子供が一人入れるようなスペースの中には食料の影も形もない。


「ご、ごめんなさい……食料もないの……」


 彼女は先ほど以上に落胆した表情を見せる。

その態度からは今日の晩御飯をもてなすだけのお金も無いことが見受けられた。


「ん? こんなところに銀貨があるぞ? 誰のだ?」

「えっ?」


 彼の声に少女はテーブルの上を見る。そこには彼が言う通り銀貨が三枚置いてあった。


「俺のじゃないし、君のか?」

「えっ? ううん……」


 少女は首を横に振る。どんなに思考を巡らせてもそんな額のお金が家にあるはずないのだから。


「俺のでもないし、君のでもない……まあ、せっかくだし、このお金で晩御飯の材料を買うのはどうだ?」

「えっ?」


 ヴァロードの提案に少女は驚く。この銀貨は自分のものではない。

幼い頭にも、目の前の勇者のお金であると察しがついた。まして銀貨は大金だ。

三枚の銀貨など何日分の賃金に値するのだろうか。


「で、でも…………」


 少女の手は銀貨ギリギリで止まる。このお金をもらえたらどんなものを買えるだろうか。

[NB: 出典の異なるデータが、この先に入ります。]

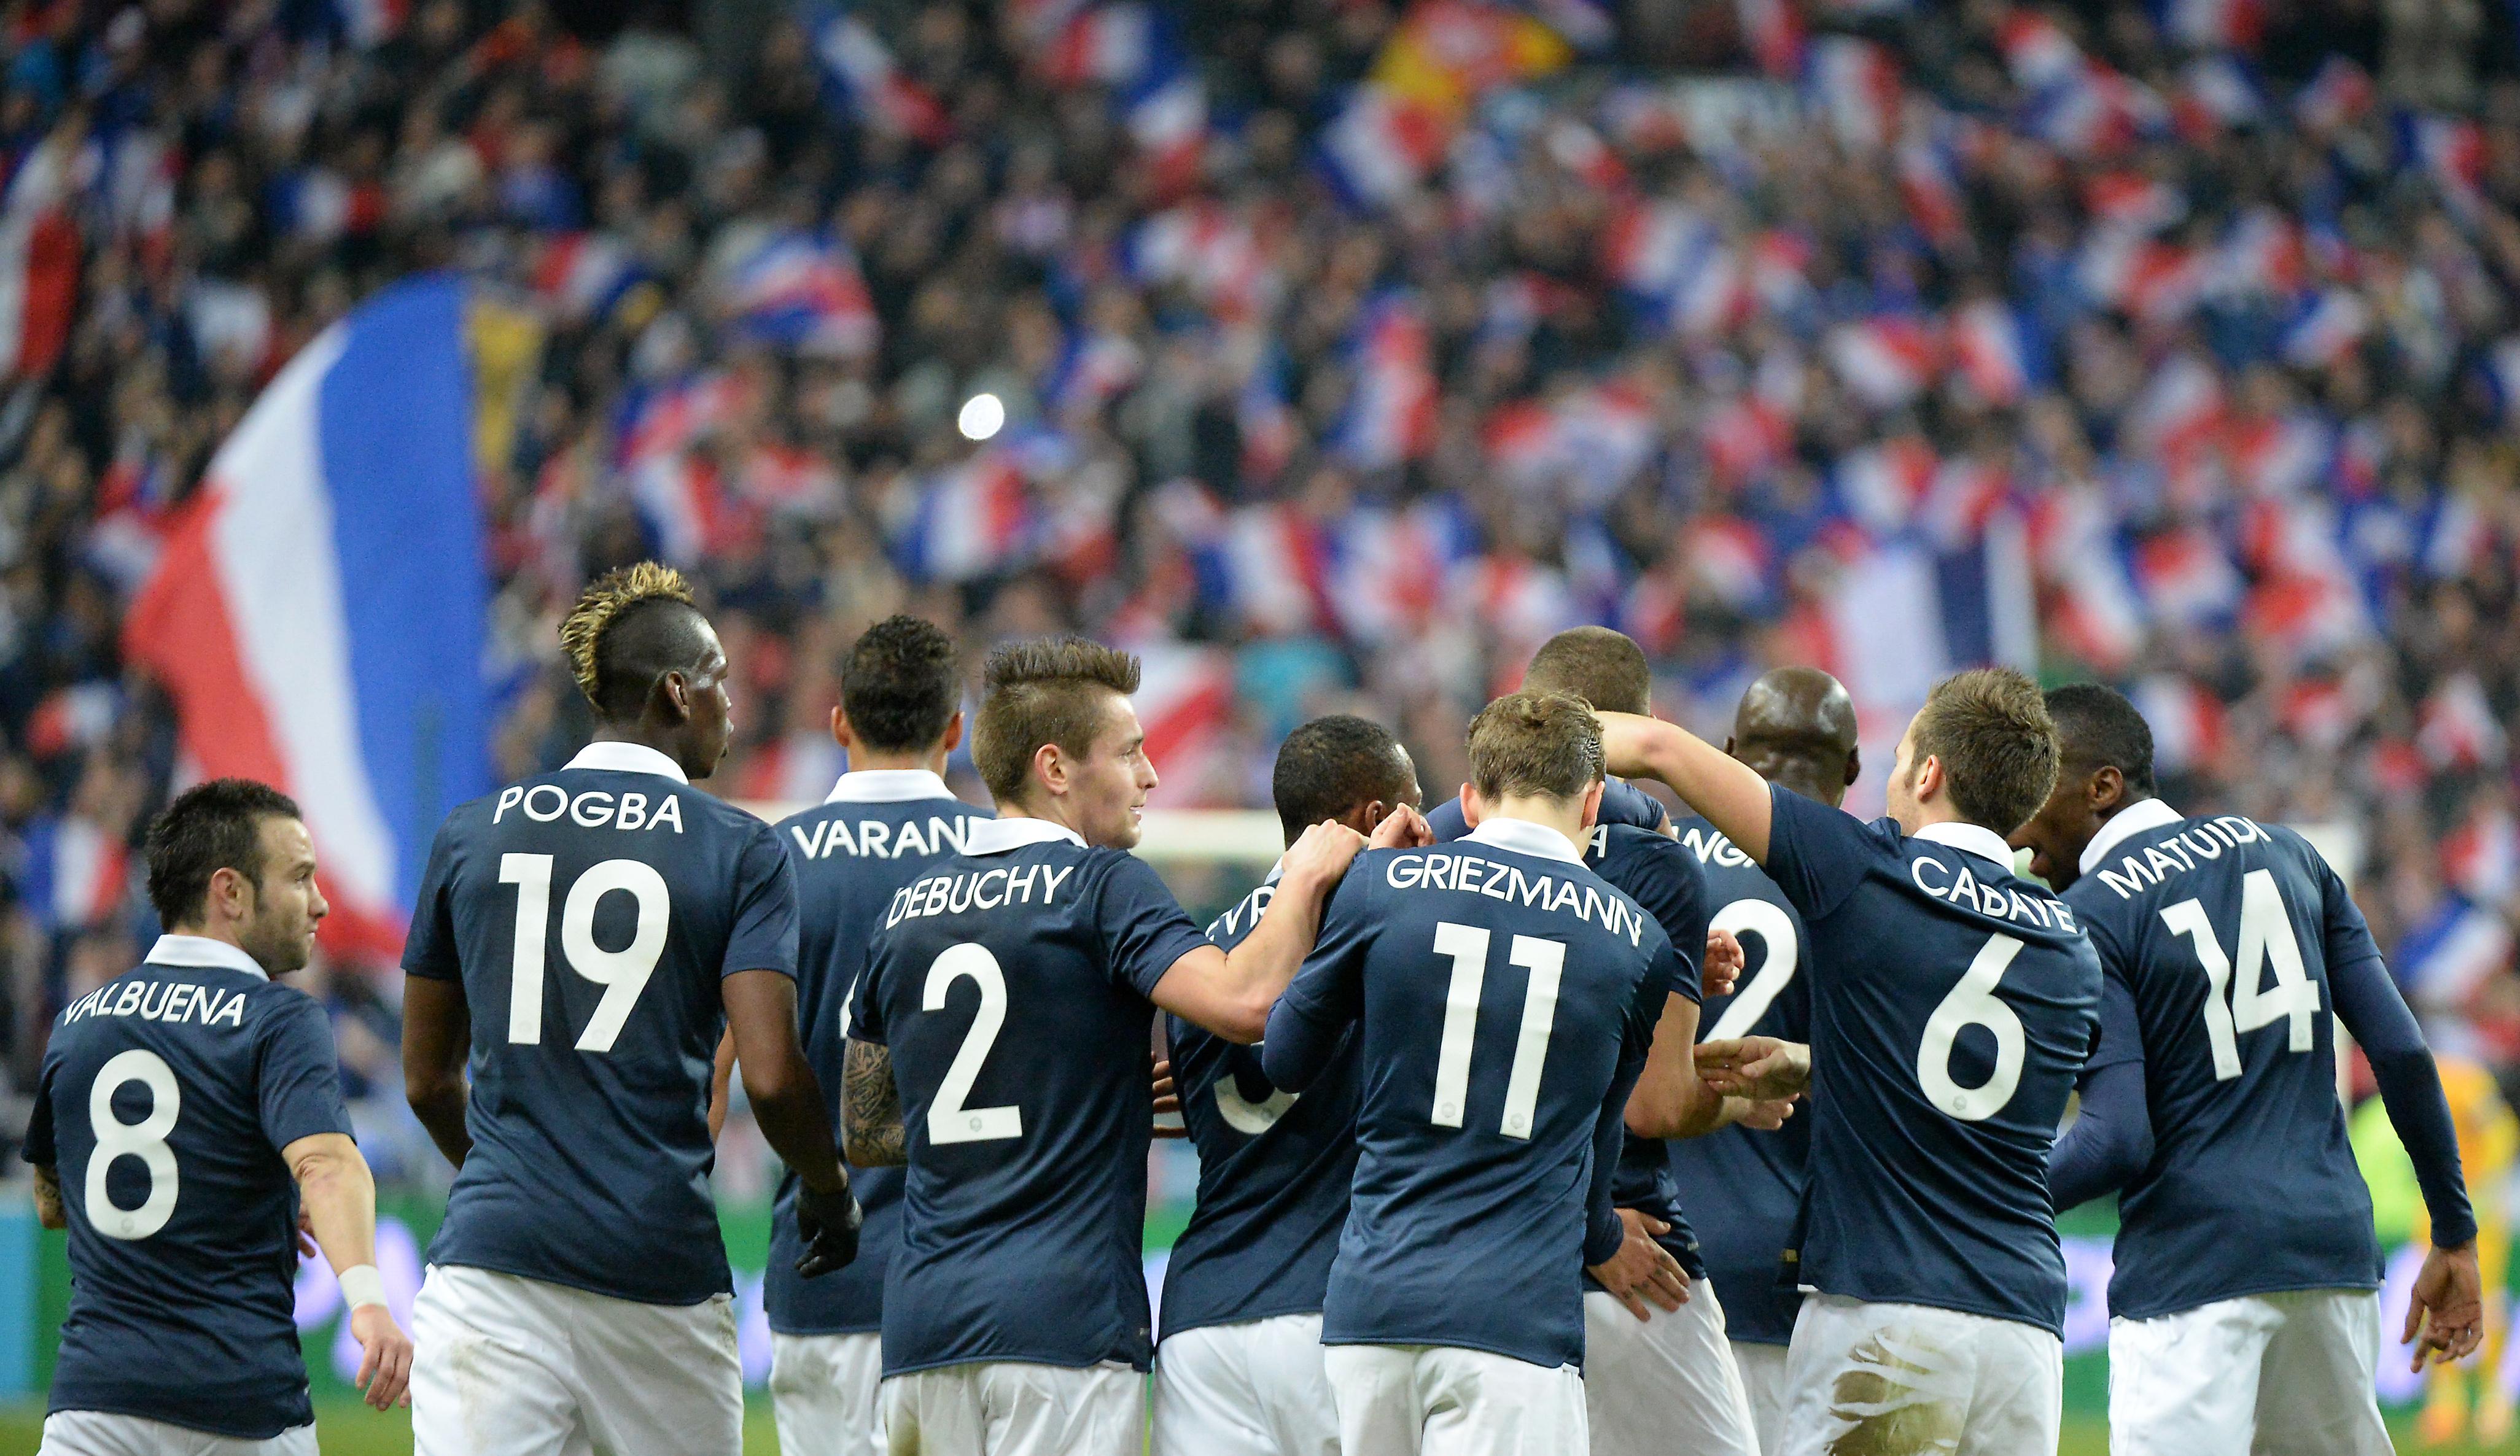 France angleterre foot compositions officielles des quipes - Coupe d europe de foot 2016 ...

勇者様に夕ご飯を御馳走して、弟が我慢している服や靴。それを買ってもお釣りがくるだろう。

思わず生唾を飲み込んでしまった。

けれど、あと一歩で手が出ない。これだけの施しを受けるだけの価値を自分に見出せないから…………


「弟にも栄養の良い物を与えないといけないのだろう?」


 勇者は諭すようにそう言って、手の中に銀貨を握らせた。

その優しい言葉、温もりを感じ、少女は難しく考えるのを止めた。


「うん……じゃあ…………」

 少女は大切そうに銀貨を胸元にしまった。心の中で勇者に感謝をしながら。